**MATERIAL PROVIDED:**
--------

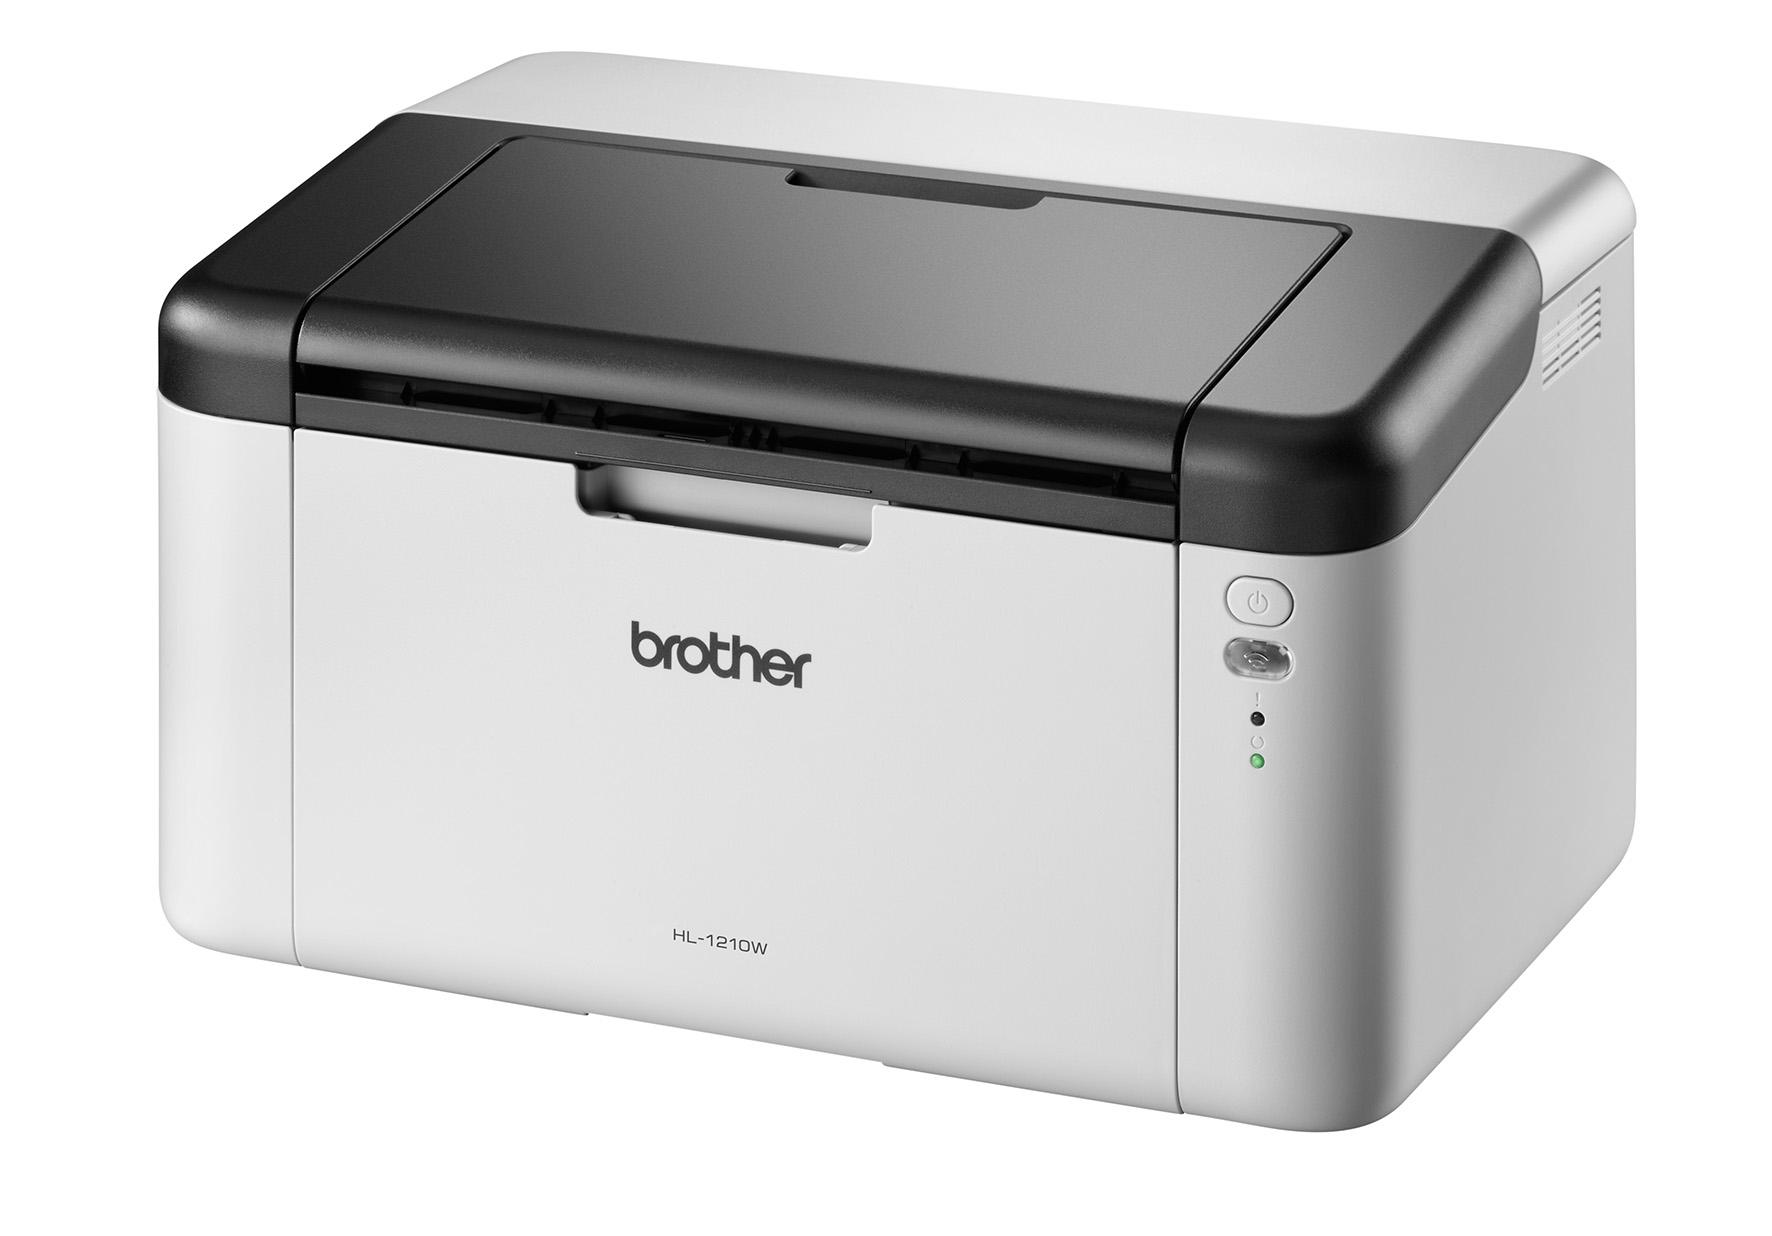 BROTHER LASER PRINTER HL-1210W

--------

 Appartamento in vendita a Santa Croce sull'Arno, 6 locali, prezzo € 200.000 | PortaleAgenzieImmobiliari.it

--------

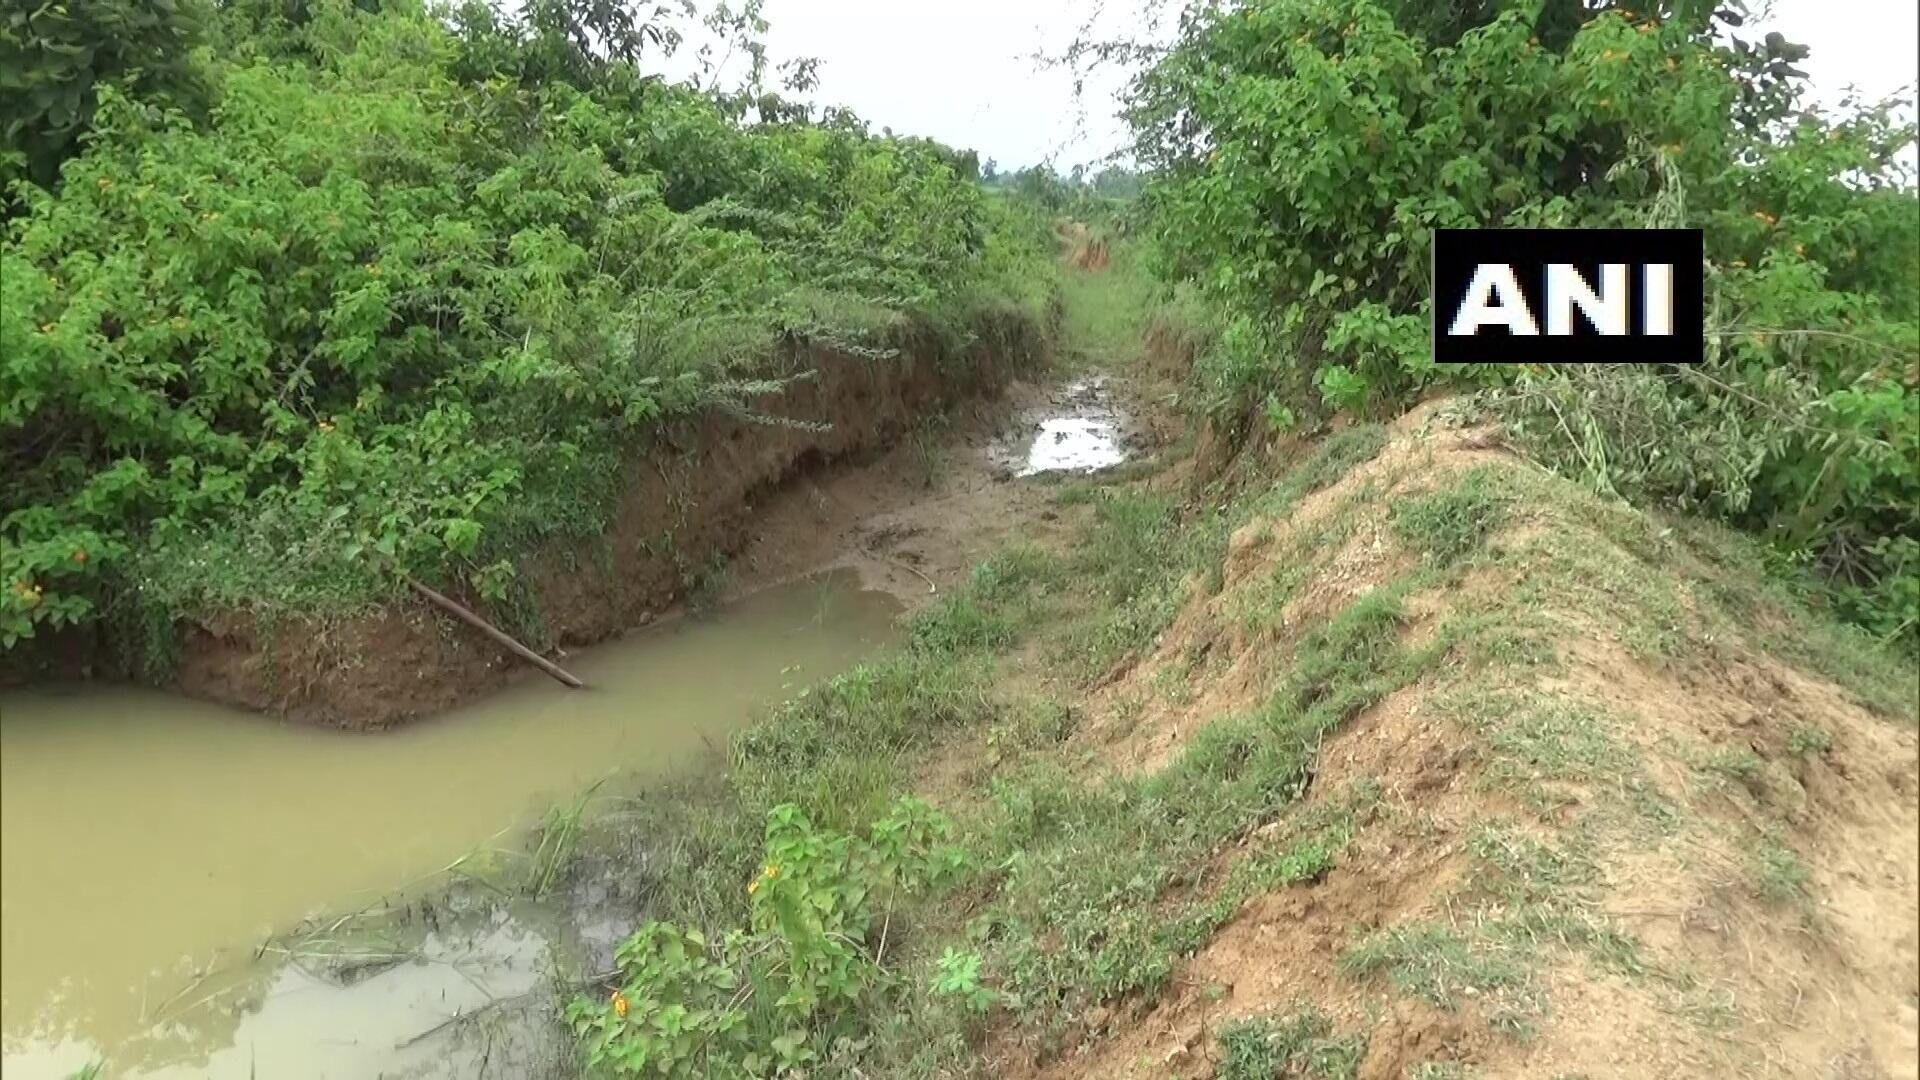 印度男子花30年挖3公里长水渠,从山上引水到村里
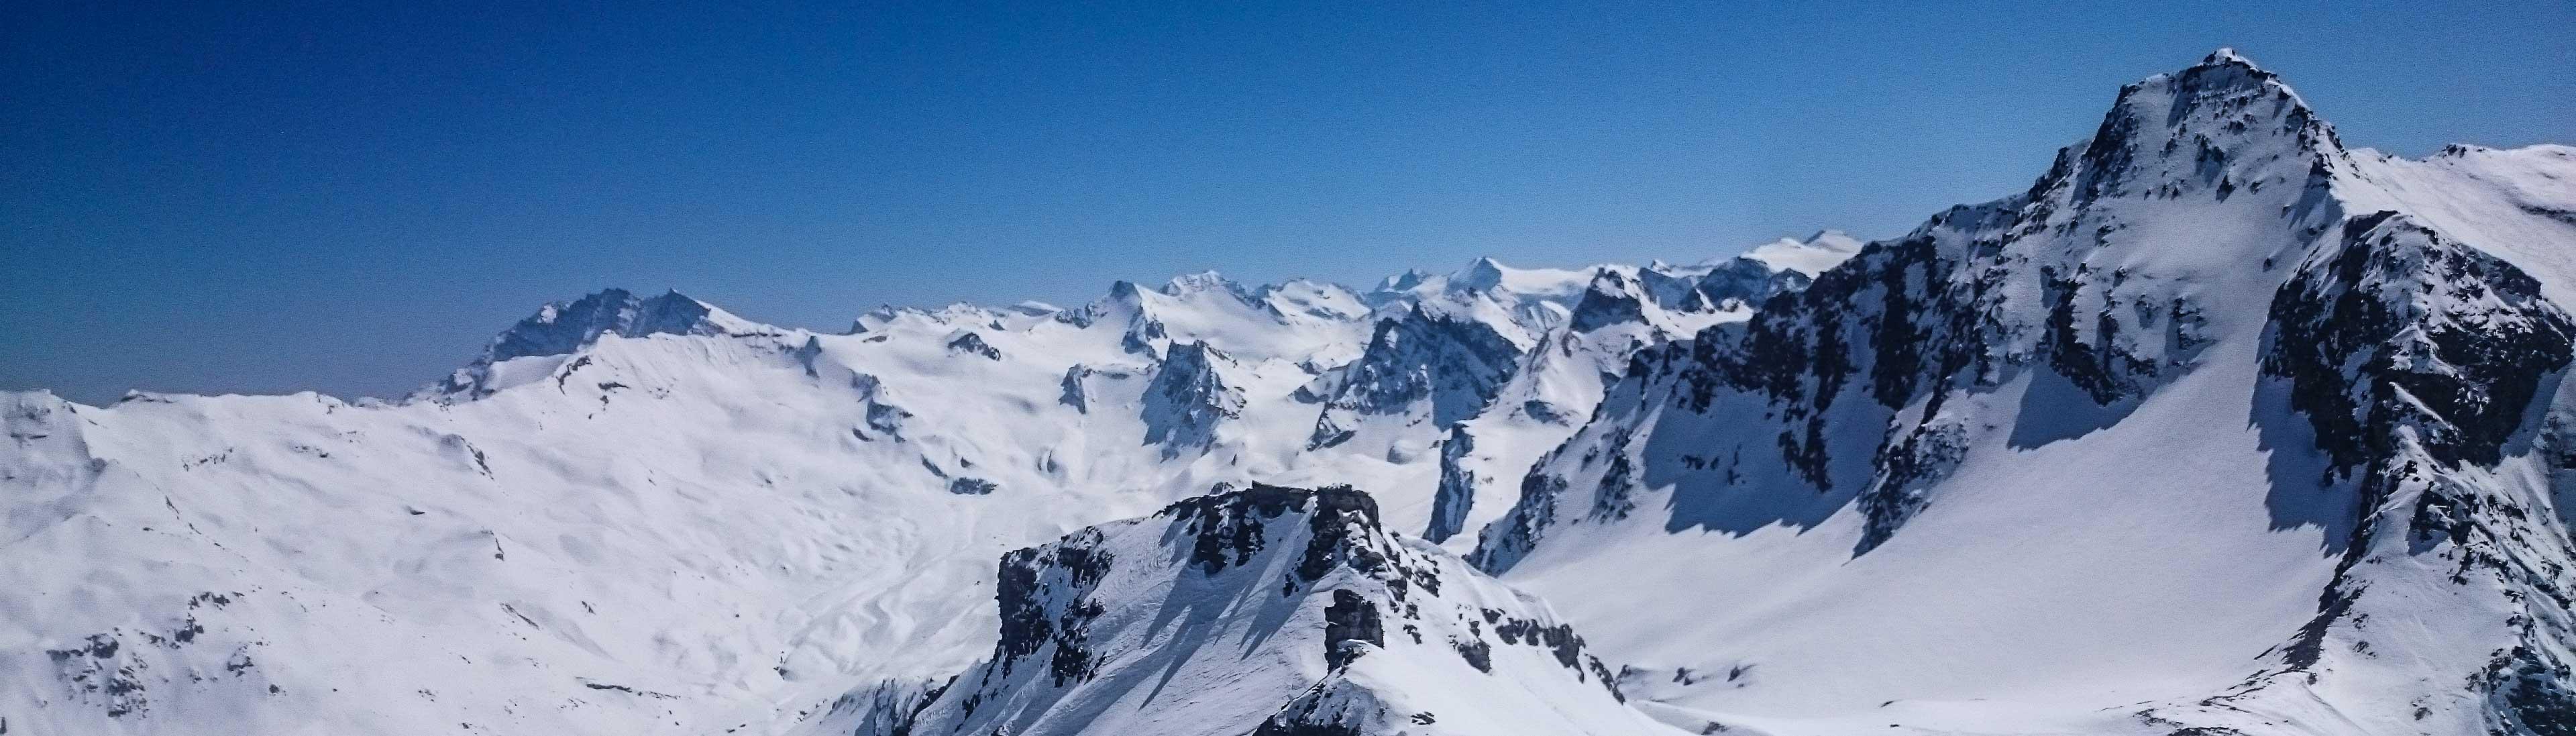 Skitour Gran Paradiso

--------

**BRIEF:**
Exact copy, pictures excluded: from the line with "印度男子花30年挖3公里长水渠,从山上引水到村里" up to and including the line with "Skitour Gran Paradiso" in the data above.

**TASK RESULT:**
 印度男子花30年挖3公里长水渠,从山上引水到村里
 Skitour Gran Paradiso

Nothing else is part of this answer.